I have been wanting to scream this for sometime, JANE AUSTEN NOVELS ARE NOT VICTORIAN!
The assertion does nothing but demonstrates the insufferable laziness of the speaker and grossly fails to give Austen her proper credit. Austen was born December 16, 1775 and died 18 July 1817. Many scholars defined the Victorian Era as the time the United Kingdom was ruled by Queen Victoria, which was from 1837-1901. Like many literary movements or recognized impulses, there is disagreement among scholars. Some scholars insist that the mentality associated with the Victorian Era actually first sprouted roots with the Reform Act of 1832. Whether the Victorian Era began in 1832, 1837 or any time between 1837-1901 it was well passed Jane Austen’s time. Her last novel, Northanger Abbey was published posthumously in 1818, a whopping twenty years earlier. Technically there is no way a movement influenced by Queen Victoria could have possibly swept across the land so quickly, especially during a period before the height of railroads, telephones, television, or internet.
I would say a more accurate portrayal of the Victoria Era in full swing would be around the 1850’s, which widens the gap between Austen and Victorian sentiment even further. Austen’s first novel Sense and Sensibility was published in 1811. One could easily assume she began writing it at least two to three years earlier, maybe around 1808. The best I would dare to label Austen’s work would be early 19th century. Because contemporary movies (that dreadful 2005 Pride and Prejudice) do not use the appropriate clothes for the period does not alter the time of the author’s original works and should not be the reference armchair literary critics rely on. The present does not change the past. One easy visual indicator to distinguish between Austen and Victorian in movies is a woman’s dress/frock. In Austen’s time the bodice of a dress ended just below the breast and the skirt began, in Victorian times the bodice sunk in at the waist, i.e. the tiny waist, see the movies North and South and The Way We Live Now. In addition, women during the Romantic Movement wore lower necklines and were not afraid to expose cleavage, –not so in Victorian dress.
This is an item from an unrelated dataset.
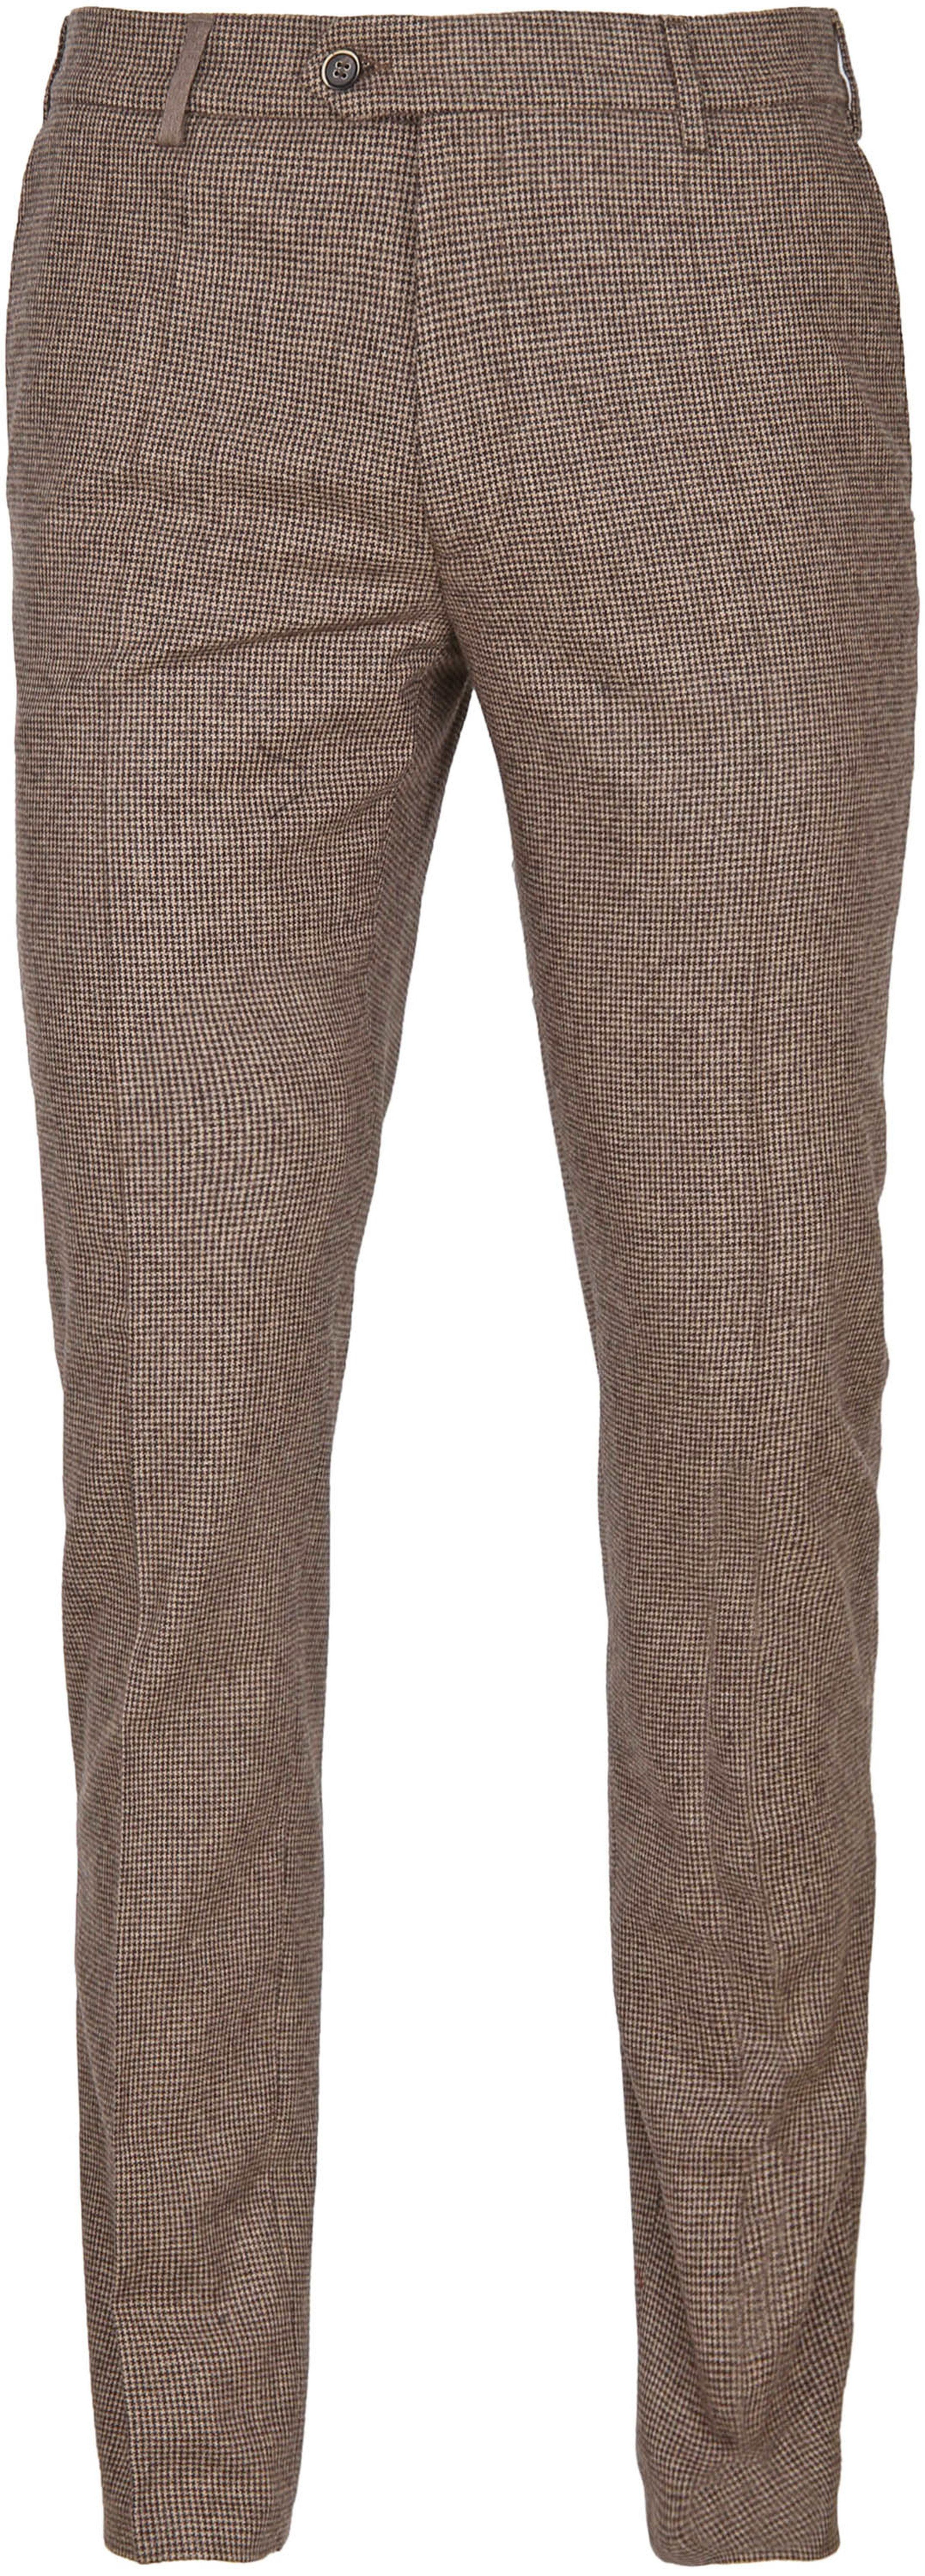 Suitable Pantalon Milano Brown size W 34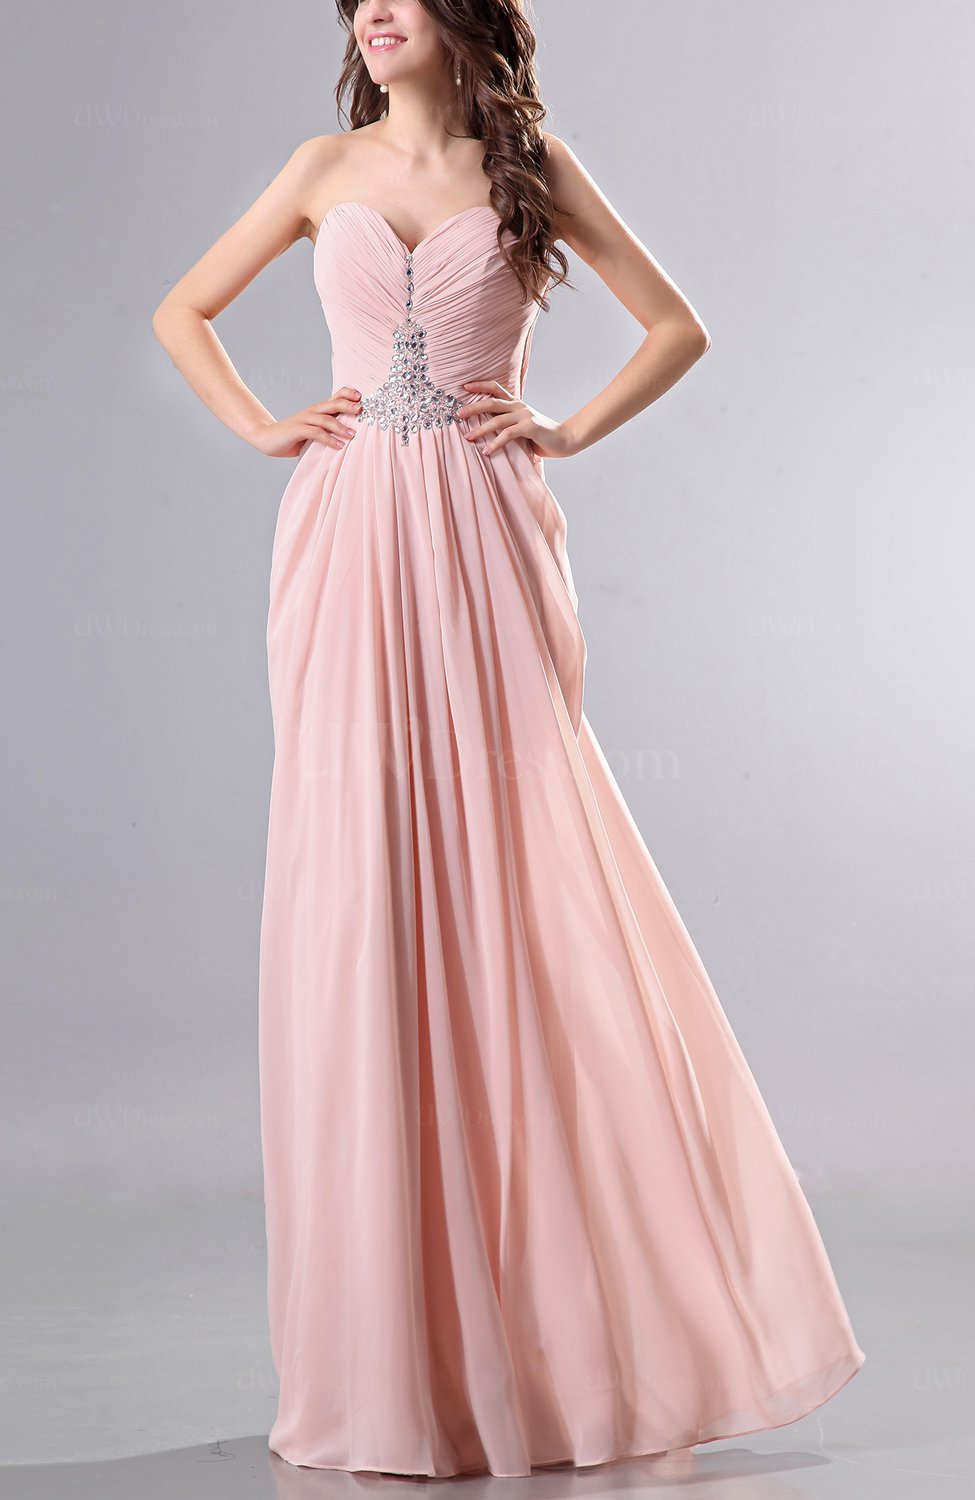 Romantic Design Princess Blush Pink Beaded Lace Applique

Nevertheless, there are other obvious influences from the Romantic Movement that peaked in the 18th century as well. Samuel Johnson, Fanny Burney, and William Cowper were a few of the people who inspired Austen. Incidentally, none could possibly be Victorian. Neo-classical, Regency Era, English Regency, or Romantic would be far more acceptable than Victorian and would not inflict such an insupportable injustice. Saying Austen is Victorian is like saying the American sitcom I Love Lucy aired in the 1950’s is basically the same as Desperate Housewives written and aired in the early 2000s.
Dresses during Austen’s time:
“In this period, fashionable women’s clothing styles were based on the Empire silhouette — dresses were closely-fitted to the torso just under the breasts, falling loosely below. In different contexts, such styles are commonly called “Directoire” (referring to the Directory which ran France during the second half of the 1790s), “Empire” (referring to Napoleon’s 1804-1814/1815 empire, and often also to his 1800-1804 “consulate”), or “Regency” (most precisely referring to the 1811-1820 period of George IV’s formal regency, but often loosely used to refer to various periods between the 18th century and the Victorian).
These 1795-1820 fashions were quite different from the styles prevalent during most of the 18th century and the rest of the 19th century, when women’s clothes were generally tight against the torso from the natural waist upwards, and heavily full-skirted below (often inflated by means of hoop-skirts, crinolines, panniers, bustles, etc.). The high waistline of 1795-1820 styles took attention away from the natural waist, so that there was then no point to the tight “wasp-waist” corseting often considered fashionable during other periods.”